Выбрать главу
Мглой задернут восток. Дальний крик пролетающих галок… Это — он… И венок Он плетет из фиалок. На лице его тени легли… Его голос так звонок. Поклонился ему до земли. Стал он гладить меня, как ребенок. …………………….. Он, как новый Христос, Просиявший учитель веселья, В лепестках белых роз, С чашей странного зелья, И любя, и грустя, Показался из дали, Как святое дитя; Он — в закатно-янтарной печали…

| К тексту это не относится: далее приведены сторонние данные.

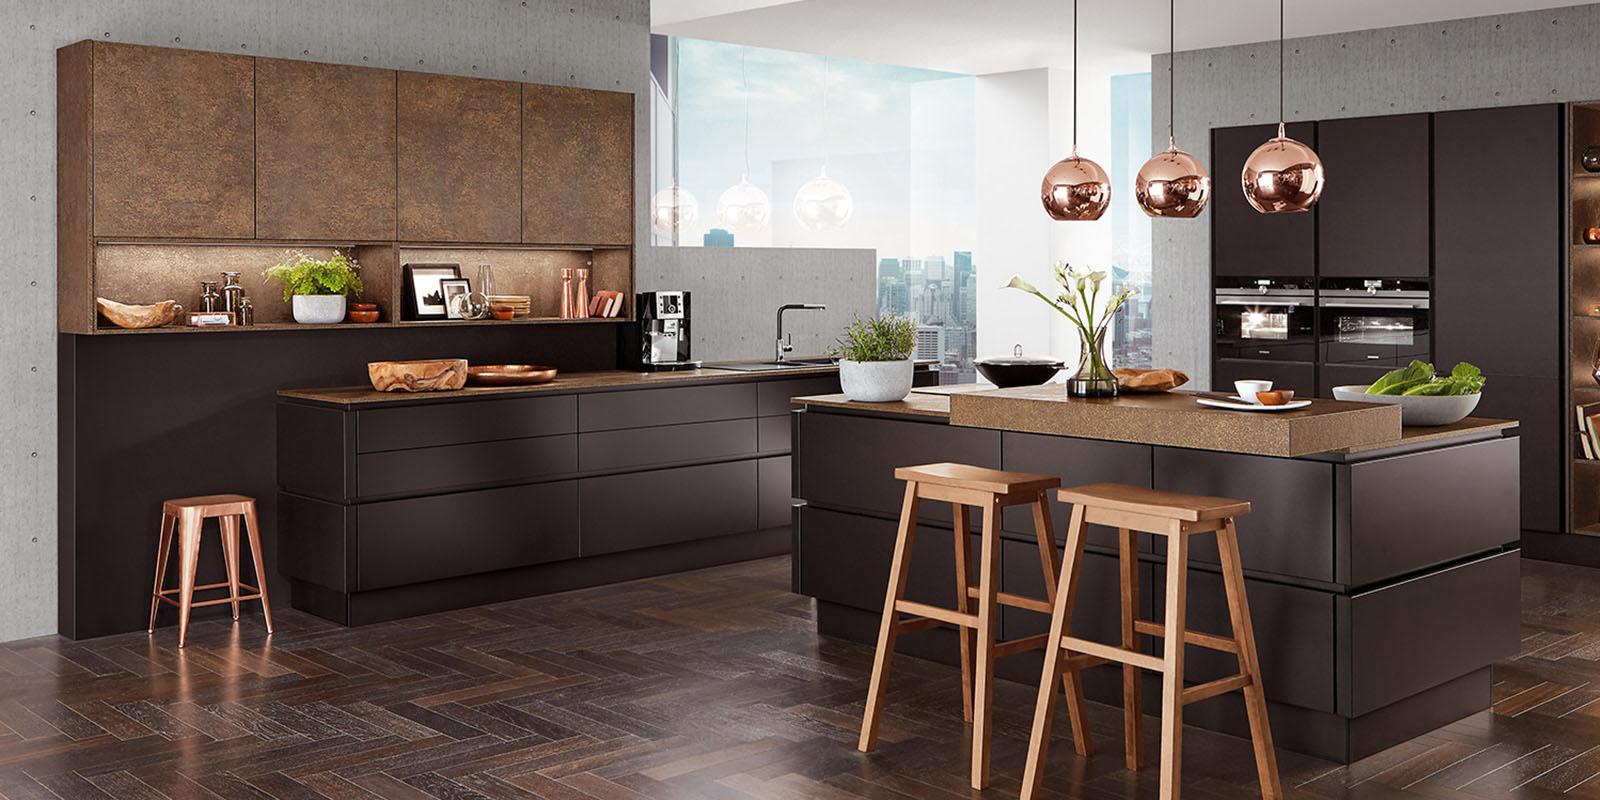 einbauk chen design. Black Bedroom Furniture Sets. Home Design Ideas

Но когда он, приявший венец, сел на трон, то «голос бури мировой проговорил глухо, сердито, и тени грозные легли…». И вот — «от стран далекого востока мы все увидели вдали седобородого пророка… И царь испуганный… корону сняв, во тьму бежал…». И багряница его — в лохмотьях, сам царь — запуган и жалок, и на его «лице снеговом — голубые безумные очи…». Это — «не тот», не Мессия, которого так ждала душа Андрея Белого; это лишь — «сон сумасшедшего» (так раньше называлось это стихотворение).

Начинается целый ряд стихотворений, посвященных развенчиванию лже-Мессии и горькому осмеянию былых своих чаяний и упований. Дерзкая мечта недавнего былого о «нашем Иван-Царевиче, нашем белом знаменосце» находит язвительный ответ в стихотворении «Жертва вечерняя» (1903 г.):

Стоял я дураком В венце своем огнистом, В хитоне золотом, Скрепленном аметистом. Стоял один, как столп, В пустынях удаленных, И ждал народных толп Коленопреклоненных. Я долго, тщетно ждал, В мечту свою влюбленный… На западе сиял Смарагд бледнозеленый; И — палевый привет Потухшей чайной розы… На мой зажженный свет Пришли степные козы. «Будь проклят, Вельзевул, Лукавый соблазнитель! Не ты ли мне шепнул, Что новый я Спаситель?» Как сорванная цепь Жемчужин — льются слезы… Помчались быстро в степь Испуганные козы.

Так печально закончились былые мечты и упования. И в следующем же стихотворении «Мания» (1903 г.) перед нами снова безумный, возомнивший себя Христом, безумный, с исступленным видом, сам сознающий «безумий напор». «Ну что ж? На закате холодного дня целуйте мои онемевшие руки; ведите меня на крестные муки…». И опять следующее стихотворение «Лжепророк» говорит нам все о том же, все о том же: о тяжелом крушении недавней жаркой веры.

Проповедуя скорый конец, Я предстал, словно новый Христос, Возложивши терновый венец, Разукрашенный пламенем роз. Запрудив вкруг меня тротуар, Удивленно внимали речам. Громыхали пролетки; и — там Угасал золотистый пожар; Повисающим бурым столбом Задымил остывающий зной… Хохотали они надо мной, Над безумно-смешным лже-Христом. Яркогазовым залит лучом, Я поник, зарыдав, как дитя; Потащили в смирительный дом, Погоняя пинками, меня…

И вот лже-Мессия уже — за решеткой («Дурак», 1903 г.), и слышит он прежний вечный зов земли: «объявись — зацелую тебя»; но он уже бессилен, уже побежден, не победив… «Утихает дурак; тихо падает на пол из рук сумасшедший колпак…». Если теперь в стихотворении Андрея Белого появляется Христос, то это уже лже-Мессия, и конец его — за решеткой сумасшедшего дома; и сам поэт первый произносит тяжелое слово: «безумный»…

Он, потупясь, сидел С робким взором ребенка. Кто-то пел Звонко. Вдруг Он сказал, преисполненный муки, Побеждая испуг, Взявши лампу в дрожащие руки: «Се дарует вам свет Искупитель… Я не болен: нет, нет! Я — Спаситель». Так сказав, наклонил Он свой лик многодумный… Я в тоске возопил: «Он — безумный».
(«Безумец», 1904 г.)

И Мессия кончает — в сумасшедшем доме: «да, ты здесь! Да, ты болен!» — как бы не верит еще сам себе поэт. А мессианству своему верит только один он, безумец, возомнивший себя пророком. Последнее из этого круга стихотворений, пока заканчивающее собой весь «мессианский цикл», показывает уже нам былого пророка — в больнице:

Рой отблесков… Утро… Опять я свободен и волен. Открой занавески: в алмазах, в огне, в янтаре — Кресты колоколен. Я болен?.. О нет — я не болен. Воздетые руки — горе, на одре, в серебре… Там — в пурпуре зори… Там бури… И—в пурпуре бури. Внемлите, ловите: воскрес я — глядите: воскрес. Мой гроб уплывает туда — в золотые лазури… Поймали, свалили: на лоб положили компресс.